Magnetoresistance in Hybrid Pt/CoFe2O4 Bilayers Controlled by Competing Spin Accumulation and Interfacial Chemical Reconstruction

TL;DR

This study investigates how interfacial chemical reconstructions and spin accumulation influence magnetoresistance in Pt/CoFe2O4 bilayers, revealing that growth temperature affects interfacial magnetism and the dominant magnetoresistance mechanism.

Contribution

It provides a detailed analysis of the interplay between spin accumulation and interfacial chemistry in controlling magnetoresistance in Pt/CoFe2O4 heterostructures.

Findings

Higher growth temperature induces magnetic moments in Pt due to alloying.

Magnetoresistance can be dominated by either SMR or AMR depending on interface chemistry.
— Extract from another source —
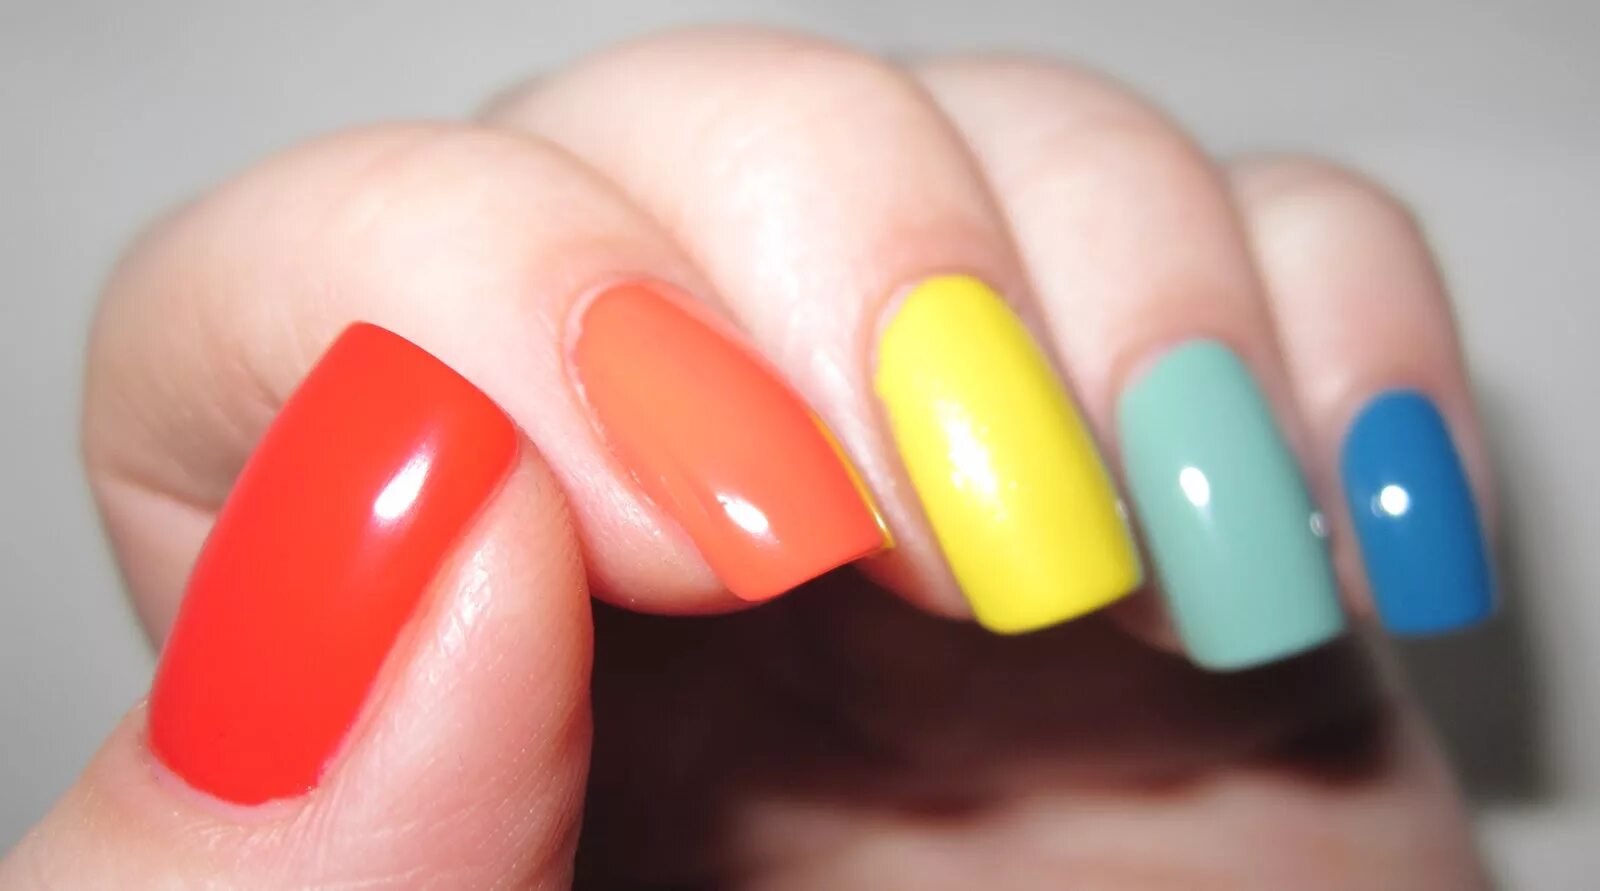 Ногти разного цвета. Разноцветный маникюр сочетание цветов. Накрашенные ногти. Красивый маникюр разными цветами. Можно накрасить лака

Interfacial chemical reconstruction can be tailored to control magnetoresistance mechanisms.

Abstract

Pure spin currents hold promises for an energy-friendlier spintronics. They can be generated by a flow of charge along a non-magnetic metal having a large spin-orbit coupling. It produces a spin accumulation at its surfaces, controllable by the magnetization of an adjacent ferromagnetic layer. Paramagnetic metals typically used are close to a ferromagnetic instability and thus magnetic proximity effects can contribute to the observed angular-dependent magnetoresistance (ADMR). As interface phenomena govern the spin conductance across the metal/ferromagnetic-insulator heterostructures, unraveling these distinct contributions is pivotal to full understanding of spin current conductance. We report here x-ray absorption and magnetic circular dichroism (XMCD) at Pt-M and (Co,Fe)-L absorption edges and atomically-resolved energy loss electron spectroscopy (EELS) data of Pt/CoFe2O4 bilayers where CoFe2O4 layers have been capped by Pt grown at different temperatures. It turns out that the ADMR differs dramatically, being either dominated by spin Hall magnetoresistance (SMR) associated to spin Hall effect or anisotropic magnetoresistance (AMR). The XMCD and EELS data indicate that the Pt layer grown at room temperature does not display any magnetic moment, whereas when grown at higher temperature it is magnetic due to interfacial Pt-(Co,Fe) alloying. These results allow disentangling spin accumulation from interfacial chemical reconstructions and for tailoring the angular dependent magnetoresistance.